Last time I challenged you to find a value which does not round correctly using the algorithm

`Math.Floor(value + 0.5)`

The value which does not round correctly is the double `0.49999999999999994`

, which is the largest double that is smaller than `0.5`

. With the given algorithm this rounds up to `1.0`

, even though clearly `0.49999999999999994 `

is less than one half, and therefore should round down.

What the heck is going on here?

As you probably know, doubles are represented internally as binary fractions. The original double in binary[1. Obviously the mantissa is in binary and the exponent is in decimal.] is

`1.1111111111111111111111111111111111111111111111111111 x 2`

^{-2}

Or

`0.011111111111111111111111111111111111111111111111111111`

which in decimal is

`0.499999999999999944488848768742172978818416595458984375`

As you can see it is extremely close to the stated value. Again, just so we are clear: when in source code you say `0.49999999999999994`

, that decimal fraction is rounded to the nearest binary fraction that has no more than 52 bits after the decimal place.

Already we have one rounding, and as you can see, we rounded up — but we’re still less than half.

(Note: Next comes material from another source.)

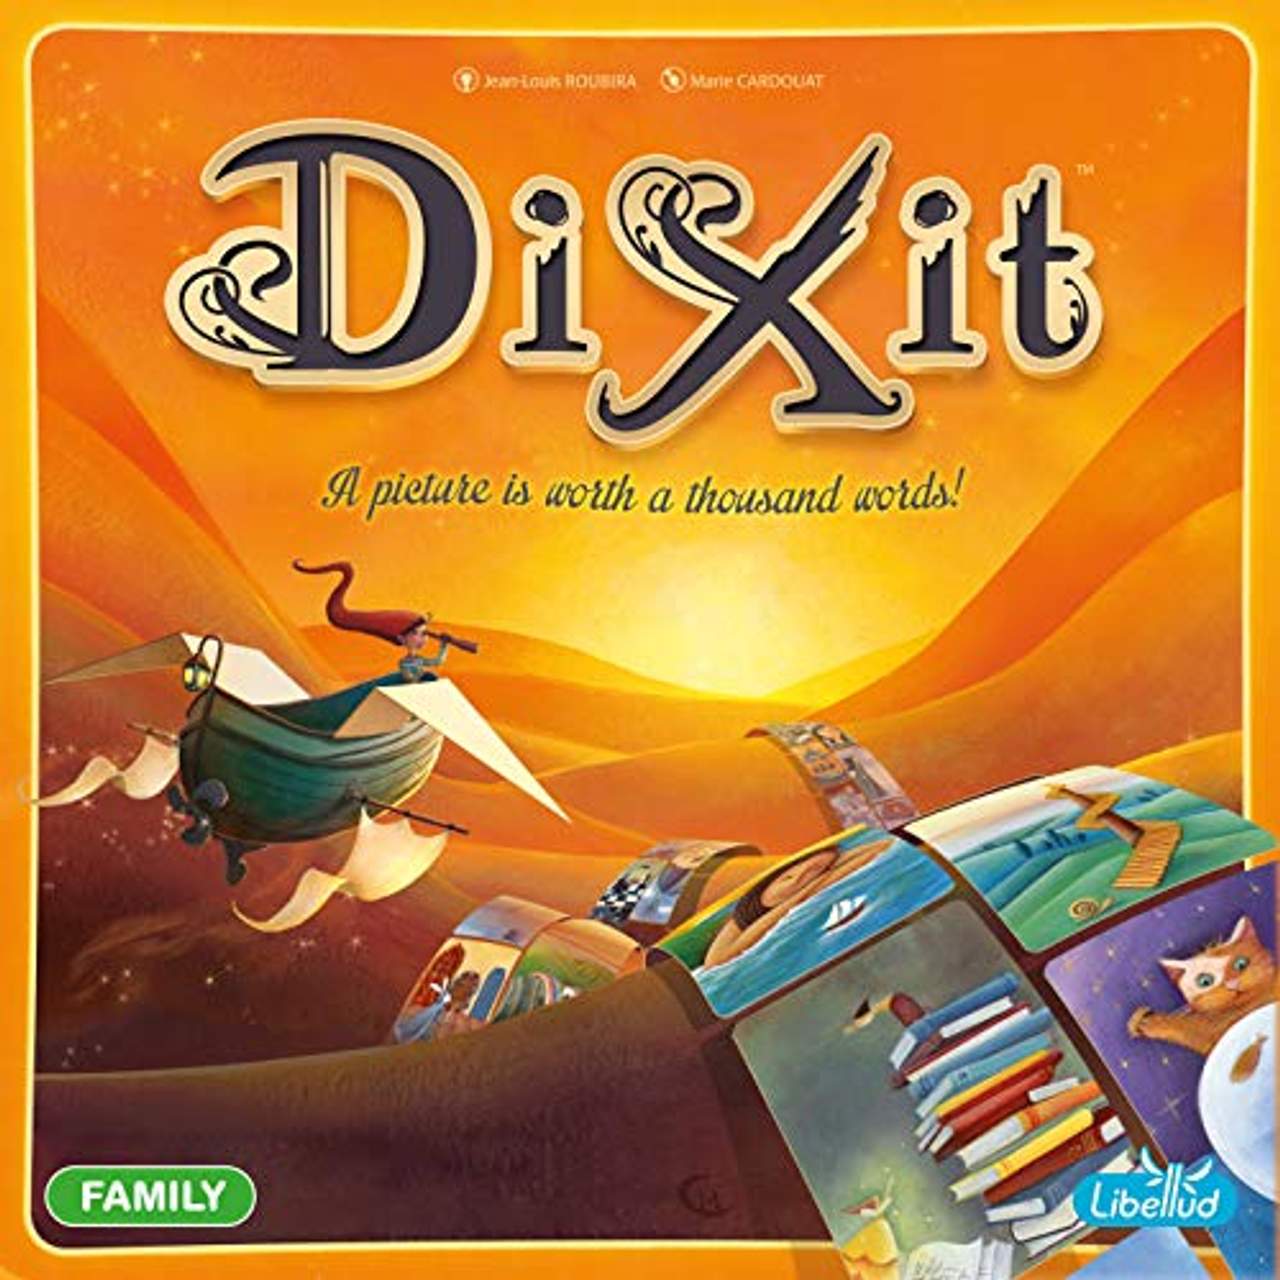 Dixit, Spiel des Jahres 2010

Now suppose we took this value and added exactly `0.5`

to it. We’d get

`0.999999999999999944488848768742172978818416595458984375`

which is still smaller than one. Therefore we’d expect this to go to zero when passed to `Math.Floor`

, right?

Wrong; that fraction isn’t a legal double because **it would require 53 bits of precision to represent exactly**. A double only has 52 bits of precision, and therefore this must be rounded off when it becomes a double.

But rounded to what? Clearly it is extremely close to `1.0`

. What is the largest double value that is smaller than `1.0`

? In binary that would be

`1.1111111111111111111111111111111111111111111111111111 x 2`

^{-1}

Or

`0.11111111111111111111111111111111111111111111111111111`

which is

`0.99999999999999988897769753748434595763683319091796875`

in decimal.

So we now have three relevant values:

0.999999999999999888977697537484345957636833190917968750 (largest double smaller than 1.0) 0.999999999999999944488848768742172978818416595458984375 (exact) 1.000000000000000000000000000000000000000000000000000000 (1.0)

Which one should we round the middle one to? Well, which is closer?

It’s OK, I’ll wait while you do the math by hand.

.

.

.

**Neither is closer**. The value is exactly in the middle of the two possibilities. The difference is

`0.000000000000000055511151231257827021181583404541015625`

in both directions.

Of course you could have worked that out a lot more easily in binary than in decimal! The three numbers are in binary:

0.111111111111111111111111111111111111111111111111111110 0.111111111111111111111111111111111111111111111111111111 1.000000000000000000000000000000000000000000000000000000

From which you can read off that difference between both pairs is 2^{-54}.

When faced with this situation the floating point chip has got to make a decision and it decides to once again round up; it has no reason to believe that *you* really want it to round down. So the sum rounds to the double `1.0`

, which is then “floored” to `1.0`

.

Once again we see that *floating point math does not behave at all like pen-and-paper math*. Just because an algorithm would always work in exact arithmetic does not mean that it always works in inexact floating point. Multiple roundings of extremely small values can add up to a large difference.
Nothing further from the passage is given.